Do viral replicase and CP interact synergistically to regulate packaging in BMV?

In addition to participating in the synthesis of genomic negative and positive RNAs, BMV replicase has been implicated in other roles, such as cell-to-cell spread (36). Data shown in Fig. 3 to 5 further validate our previous conclusion (3) that induction of viral replication resulting in the formation of active replicase functions as a specificity filter by enhancing packaging of viral RNA but not ubiquitous cellular RNA or nonreplicating viral RNA (Fig. 4 and 6). This suggests that a synergistic interaction between viral replicase proteins and CP may exist to maximize packaging of viral RNAs. We offer two possible mechanisms in support of this hypothesis (Fig. 9). The cytopathological studies of bromoviruses revealed the induction of vesicles (13) or spherules (34) in the perinuclear spaces of infected cells. These specialized structures are induced by replicase protein 1a and have been shown to be the actual sites of RNA synthesis (34). Replicase protein 2a interacts with 1a and recruits RNA to spherules to initiate viral replication (34); the necks connecting spherules serve as channels to export newly synthesized progeny RNA to the cytoplasm for translation. Since CP has been found to copurify with active replicase complex (6), we rationalize that CP must be synthesized near the necks of spherules (Fig. 9A). This scenario provides a transient association between viral replicase proteins and CP, resulting in increased specificity of BMV RNA packaging. In the absence of a functional replicase the specificity of CP is disrupted, resulting in nonspecific packaging of cellular RNAs, as shown in Fig. 3. Alternatively, it is possible that following export of newly synthesized gB1 and gB2 to an unspecified location in cytoplasm, their translation creates a new pool of replicase proteins (Fig. 9B). One portion of this new pool interacts exclusively with CP to enhance specificity, while the other will continue to participate in replication-related events, such as induction of spherules. Thus, it remains to be examined whether synergic interaction between replicase and CP subunits would result in subtle structural alteration of CP subunits to enhance specificity.

FIG. 9.

Schematic diagram illustrating two possible models of BMV RNA packaging mediated by interaction between CP and viral replicase proteins. (A) Viral replicase protein 1a induces spherules (step 1), and replicase protein 2a interacts with 1a and recruits RNA to spherules to initiate viral replication (step 2). The necks connecting spherules serve as channels to export newly synthesized progeny RNA to the cytoplasm for translation (step 3).
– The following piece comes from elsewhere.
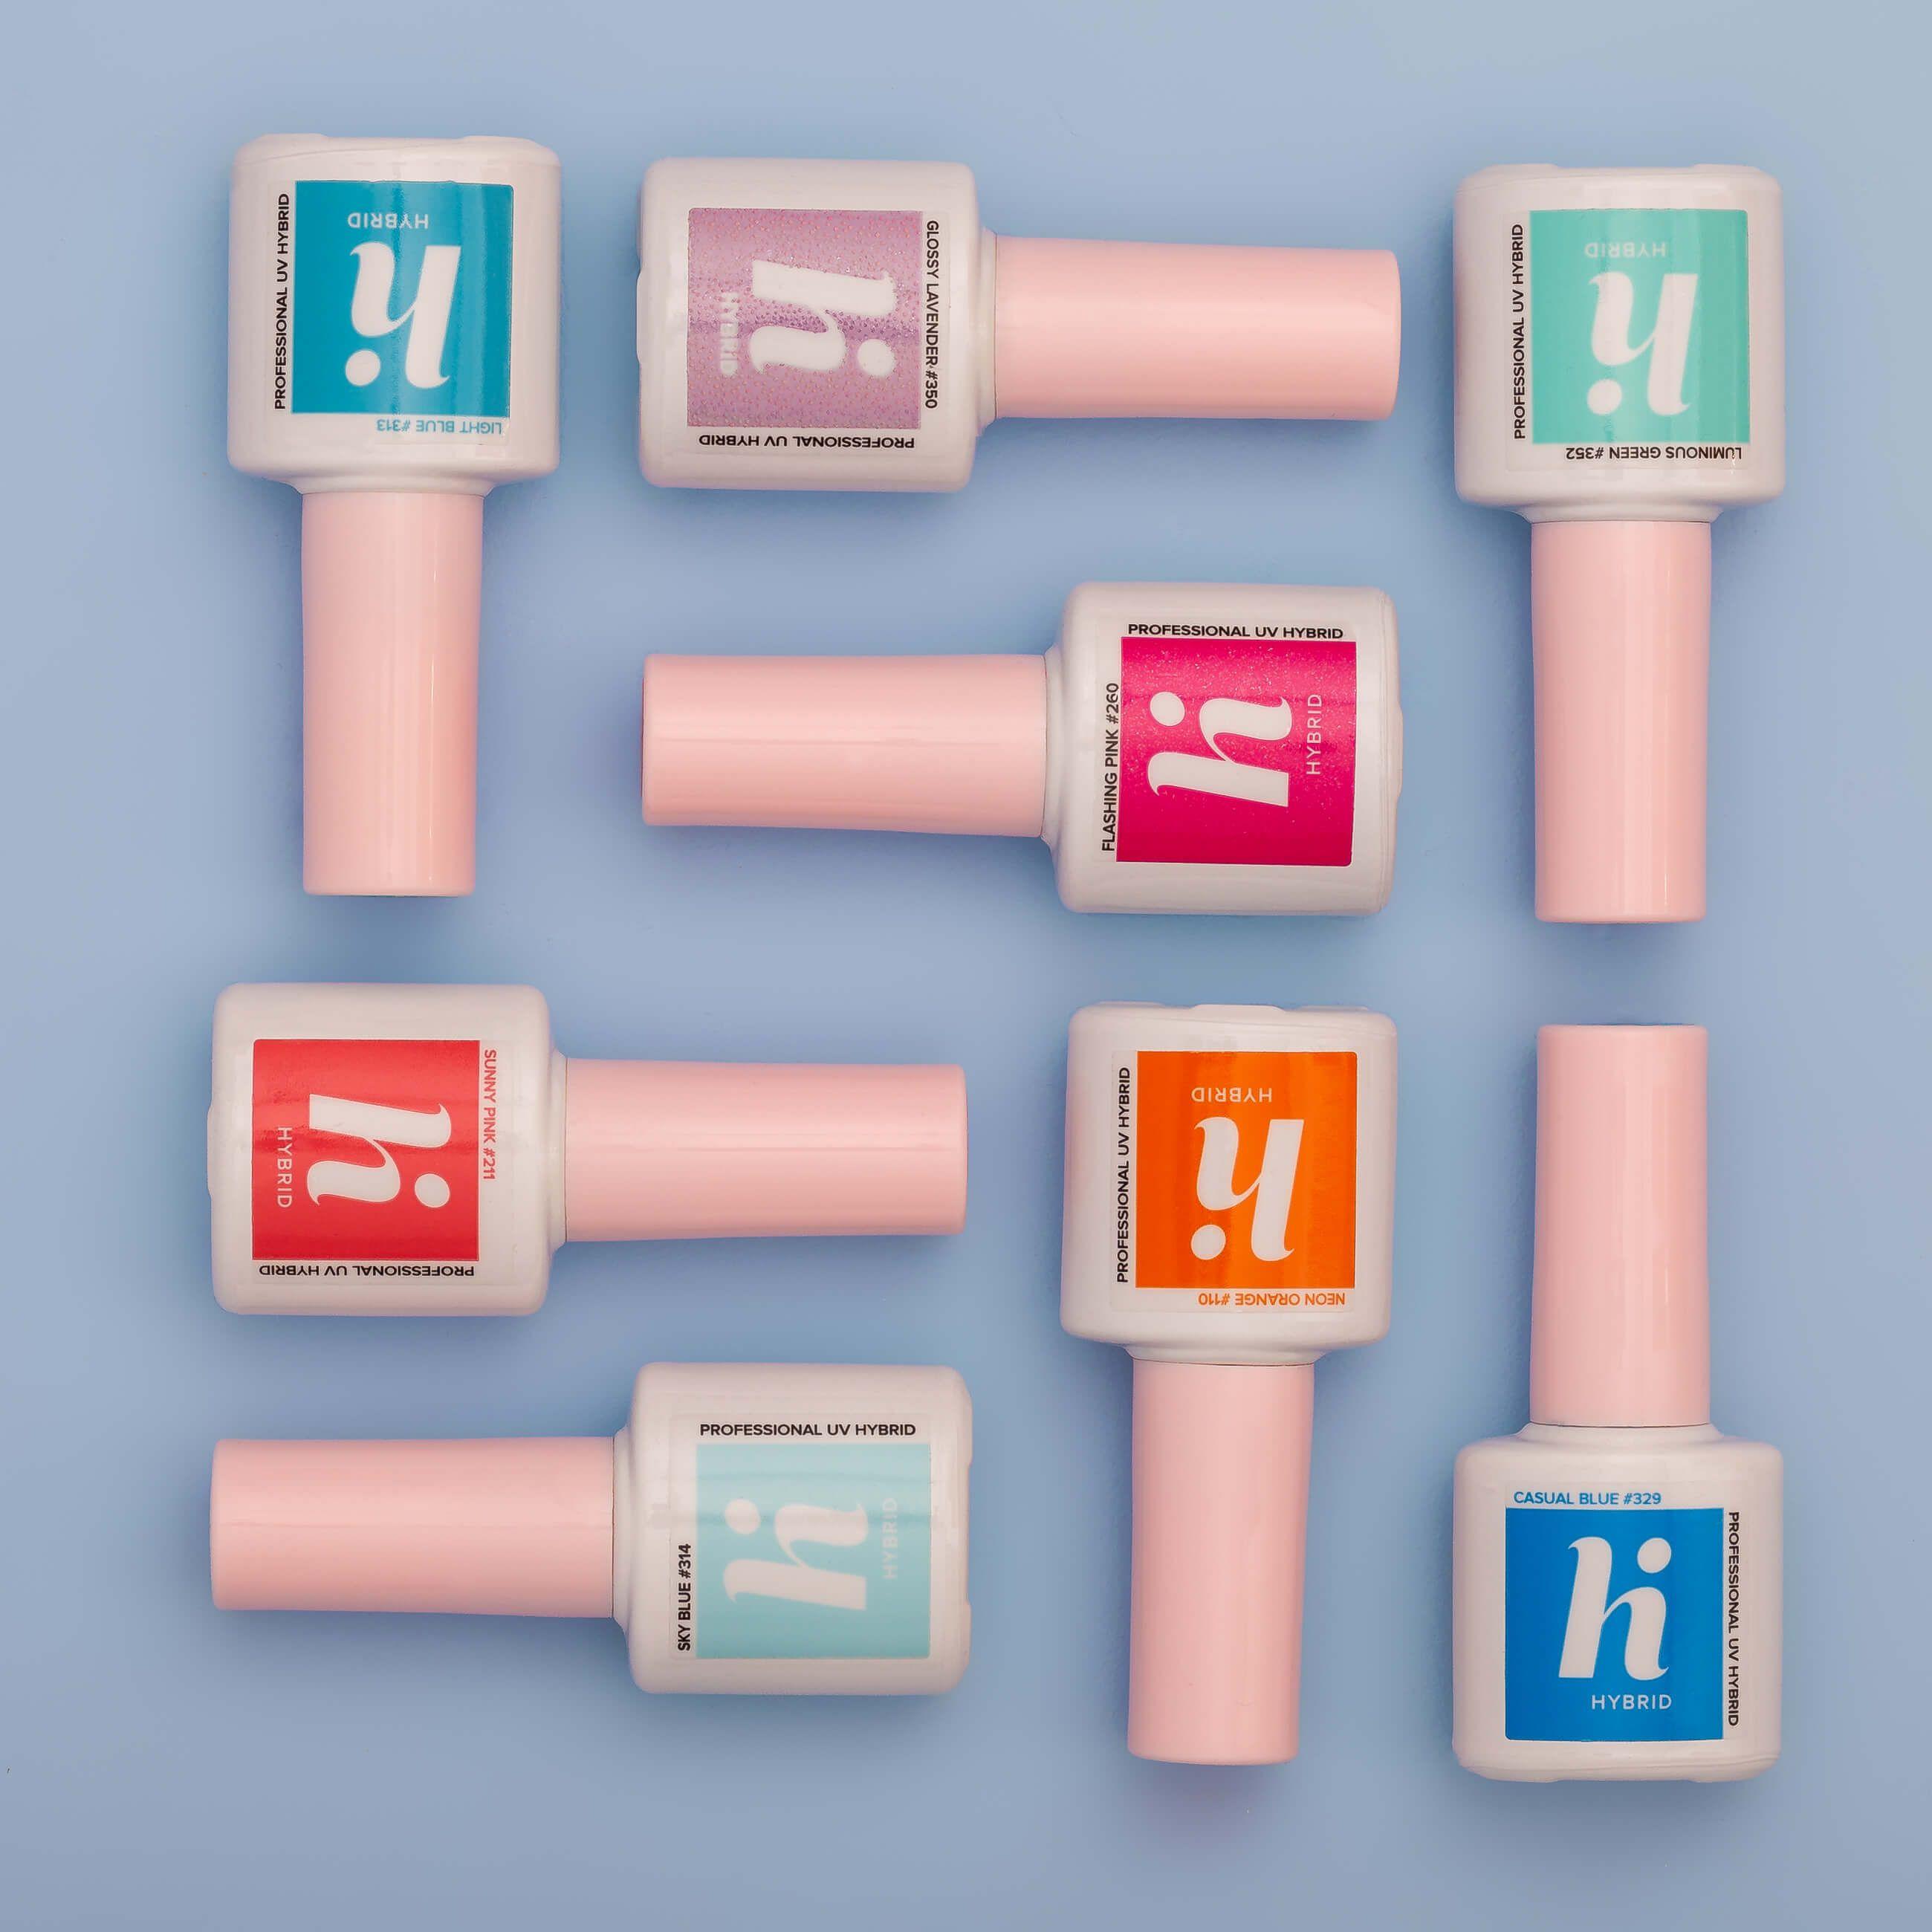 Zdjęcie produktowe hybrydowych lakierów do paznokci marki Hi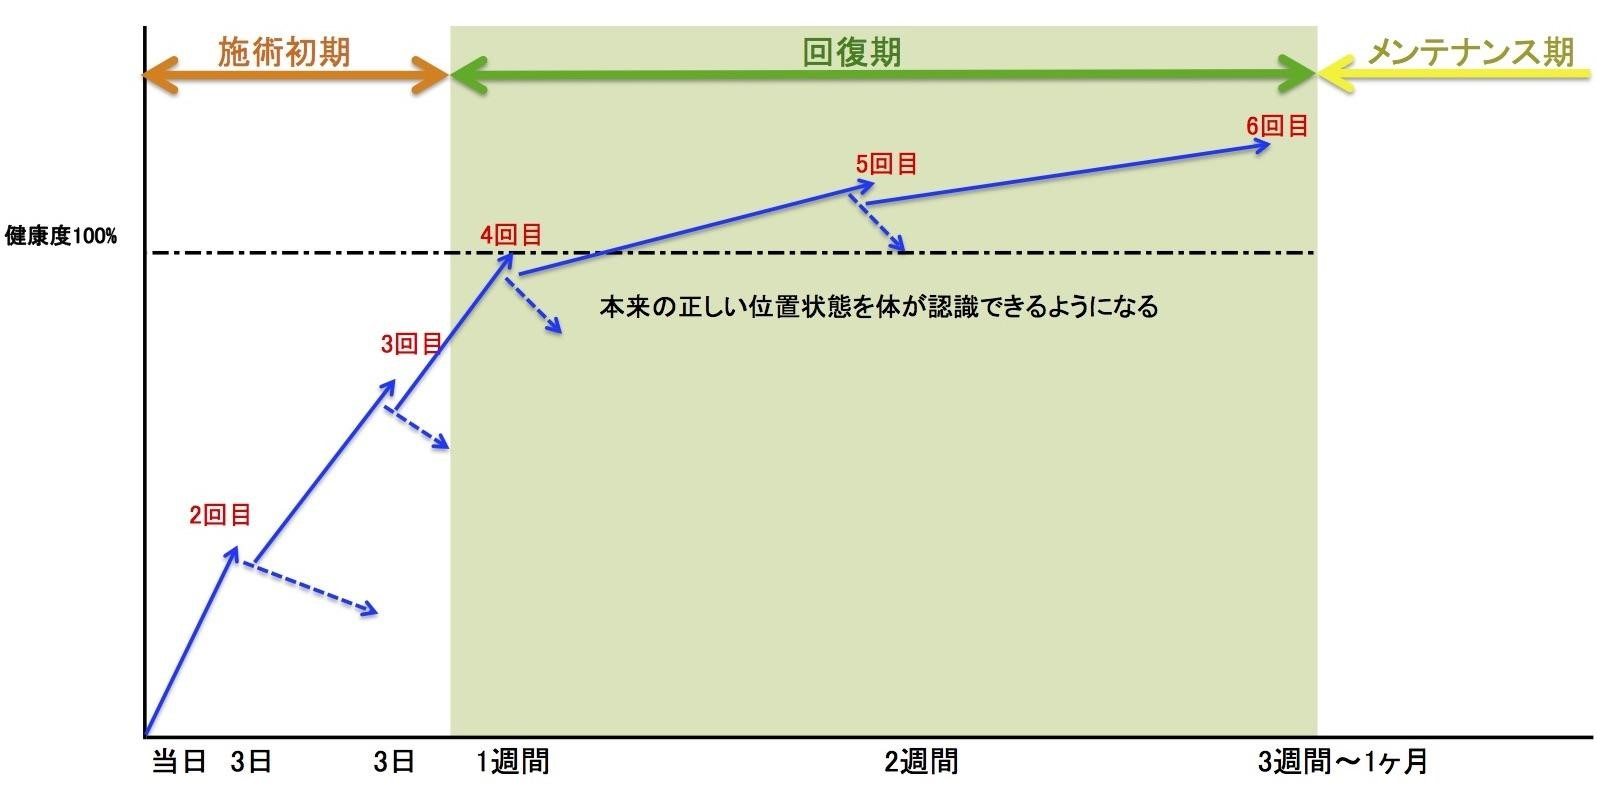 整体頻度グラフ02

Since CP has been found to copurify with active replicase complex (6), we hypothesize that CP must be synthesized near the necks of spherules (step 4). This scenario provides a transient association between viral replicase proteins and CP resulting in increased specificity of BMV RNA packaging (steps 4 to 6). (B) As mentioned above, induction of spherules (sph) along the endoplasmic reticulum lumen (ERL) and replication viral RNAs occurs in spherules (34). Transportation of newly synthesized BMV RNAs to cytoplasm results in the synthesis of replicase proteins 1a and 2a and CP at an unspecified location in the cytoplasm. One pool of the replicase proteins continues to induce new spherules along ERL, while the other pool transiently interacts with CP to increase specificity. As a result, packaging of cellular RNA is inhibited, while that of viral progeny RNA is enhanced. Nuc, nucleus.